Tanya Erzen, Ph.D., Associate Research Professor
Department of Religion/Gender Studies
University of Puget Sound
Director Freedom Education Project Puget Sound
In prisons throughout the United States, punishment and religious revivalism are occurring simultaneously. Faith-based ministries have become a dominant force in American prisons, operating under the logic that religious conversion and redemption will transform prisoners into new human beings. Based on her recent book, Erzen addresses the political and psychological consequences Christian ministries within a punitive system of mass incarceration. She also discusses how people in prison practice religion in a space of coercion and discipline, the implications of the state’s promotion of Christianity over other religious traditions, and how faith-based programs may enable forms of transformation and community organizing.

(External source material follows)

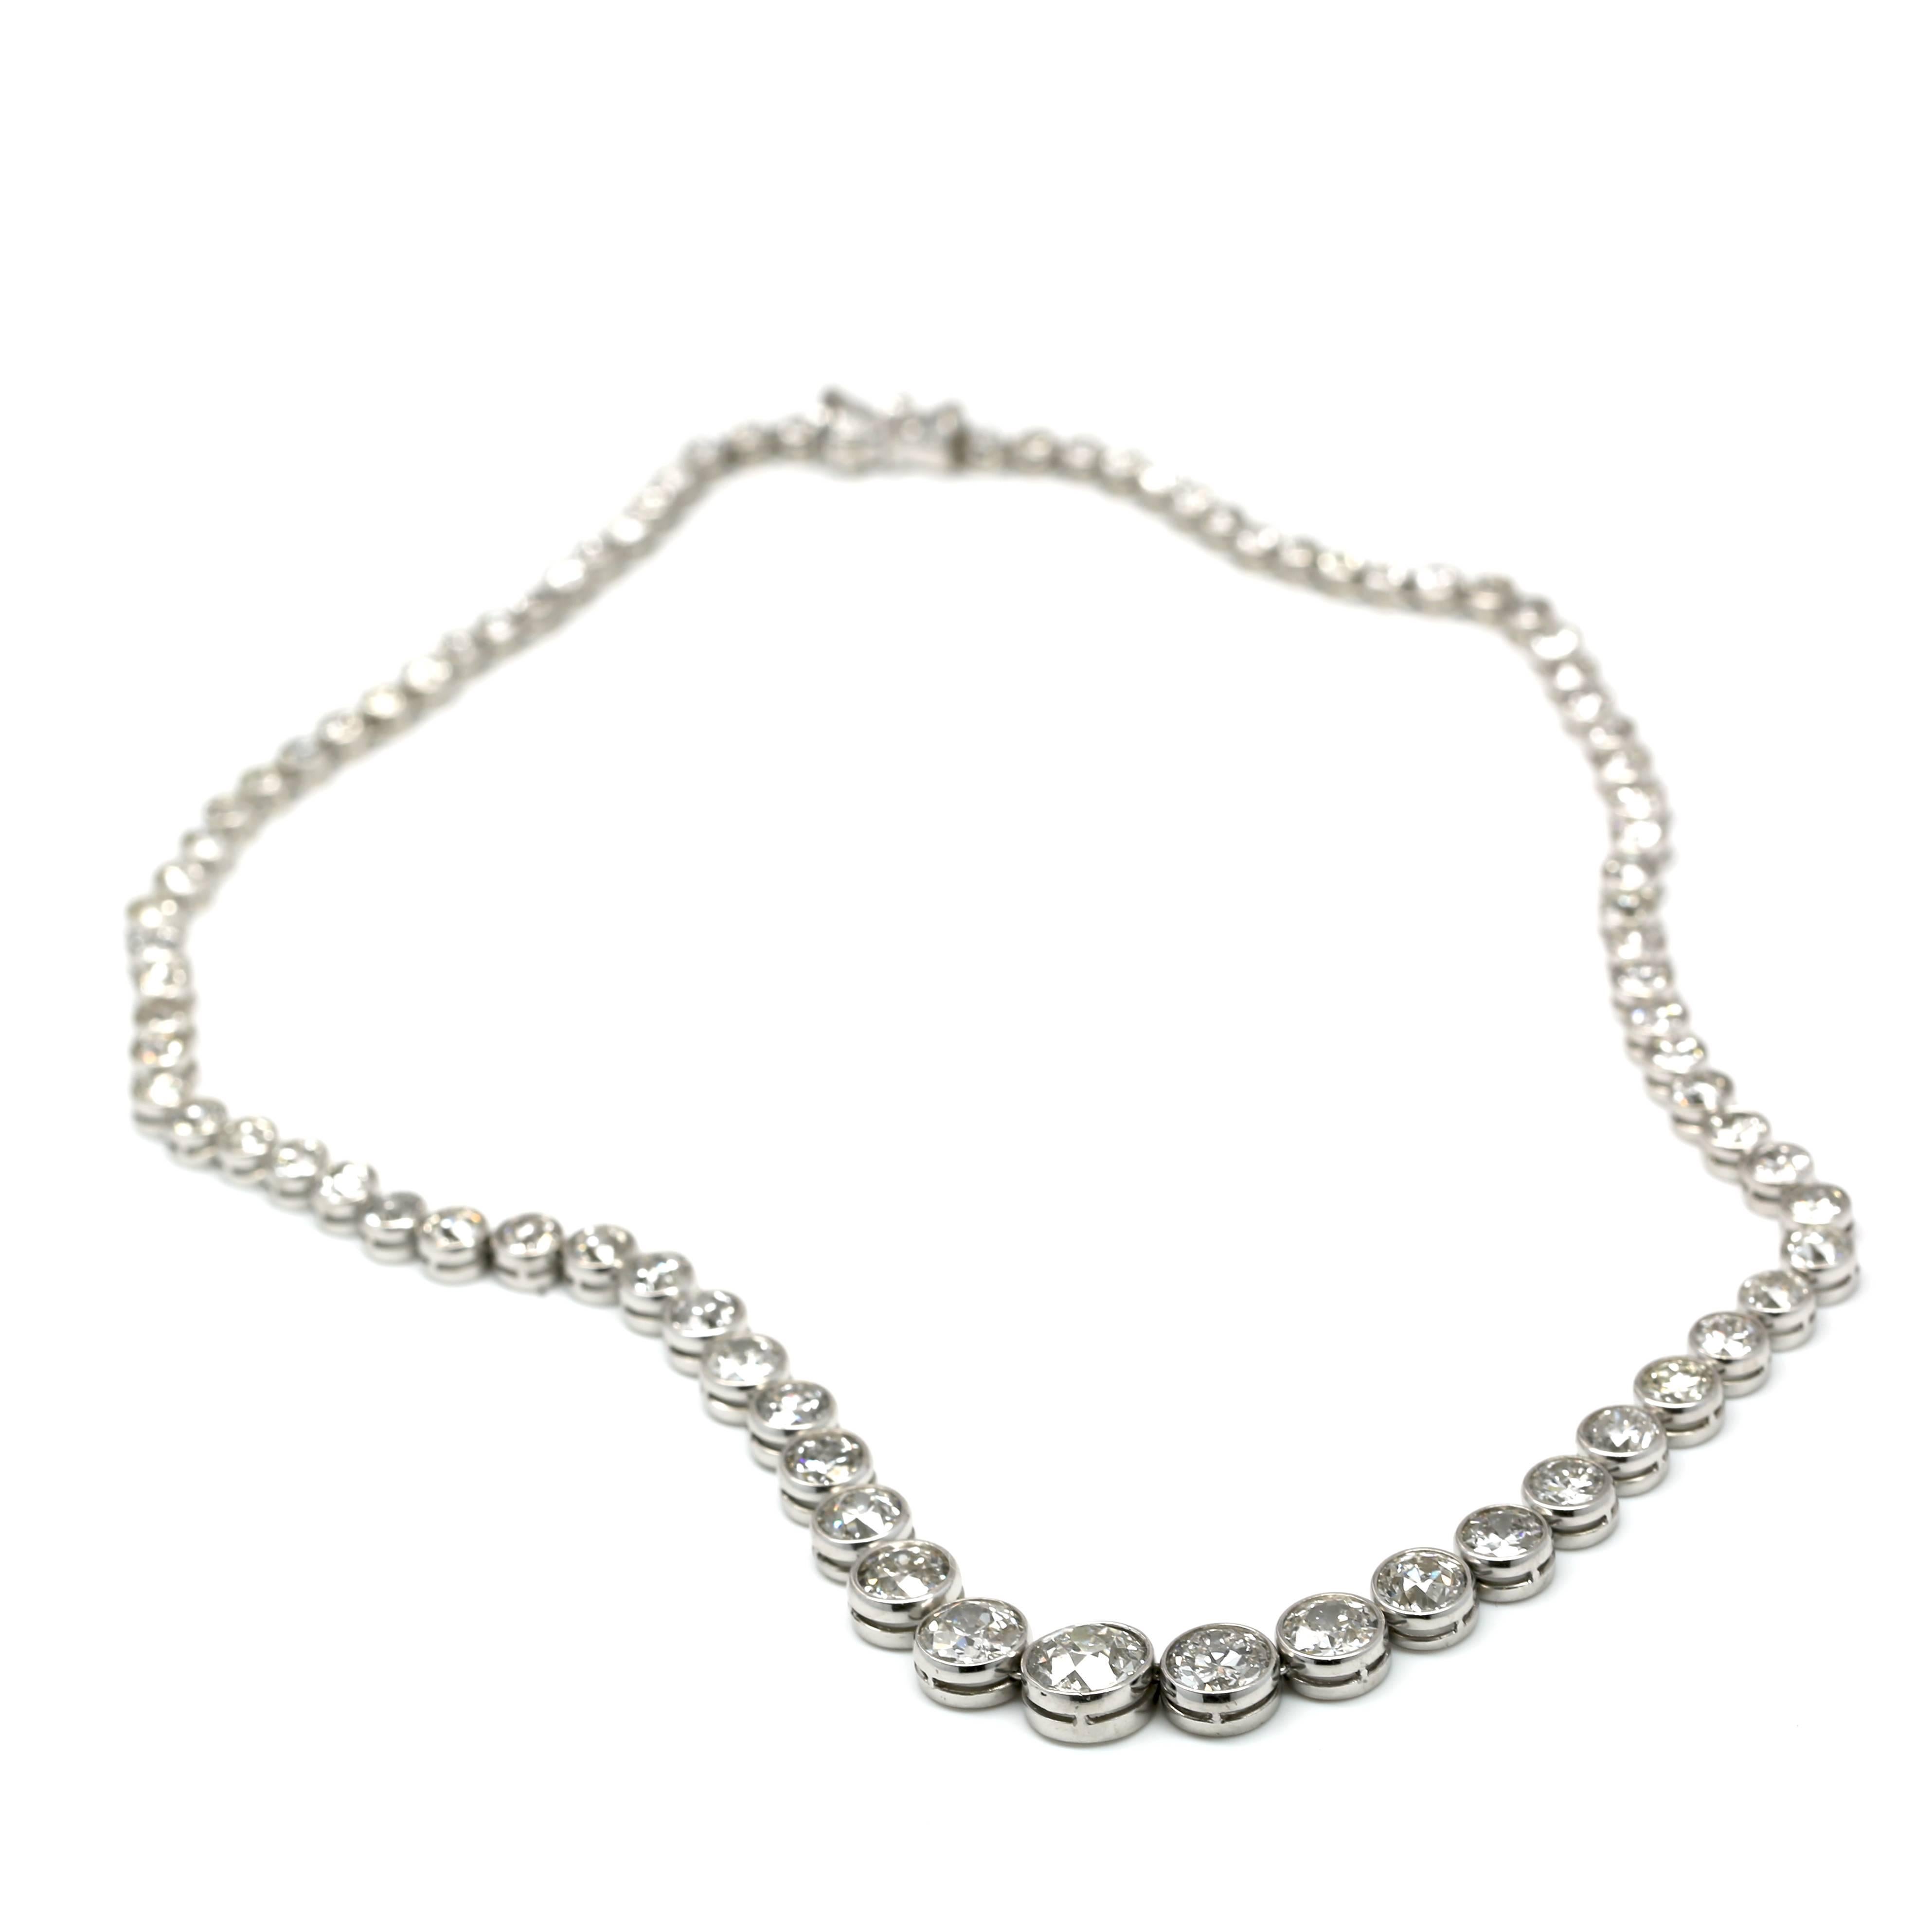 Platinum Riviera Necklace set with 90 European Cut Diamonds equaling Approx. 41.00 Carats F-H Color VS1-SI1 Clarity.

Dr. Tanya Erzen is Associate Research Professor in Religion and Gender Queer Studies at The University of Puget Sound. Her research focuses on American religion as it intersects with ethnography, gender and sexuality studies, and critical prison studies. In 2016 Dr. Erzen published the book God in Captivity: The rise of faith-based ministries in the age of mass incarceration (Beacon Press). In this book she discusses in rich ethnographic detail the rise of religious organizations in cash-strapped and overcrowded state and federal prisons in the United States. Previously, she published Straight to Jesus: Sexual and Christian conversions in the ex-gay movement (University of California Press, 2006) and co-authored Zero Tolerance: Quality of life and the new police brutality in New York City (New York University Press, 2001). Her work has appeared in numerous journals, including American Quarterly, The Boston Globe, and PLMA. Dr. Erzen is the executive director of the Freedom Education Project Puget Sound (FEPPS), which is an organization that offers college classes to women, transgender, and gender nonconforming people in Washington State prisons.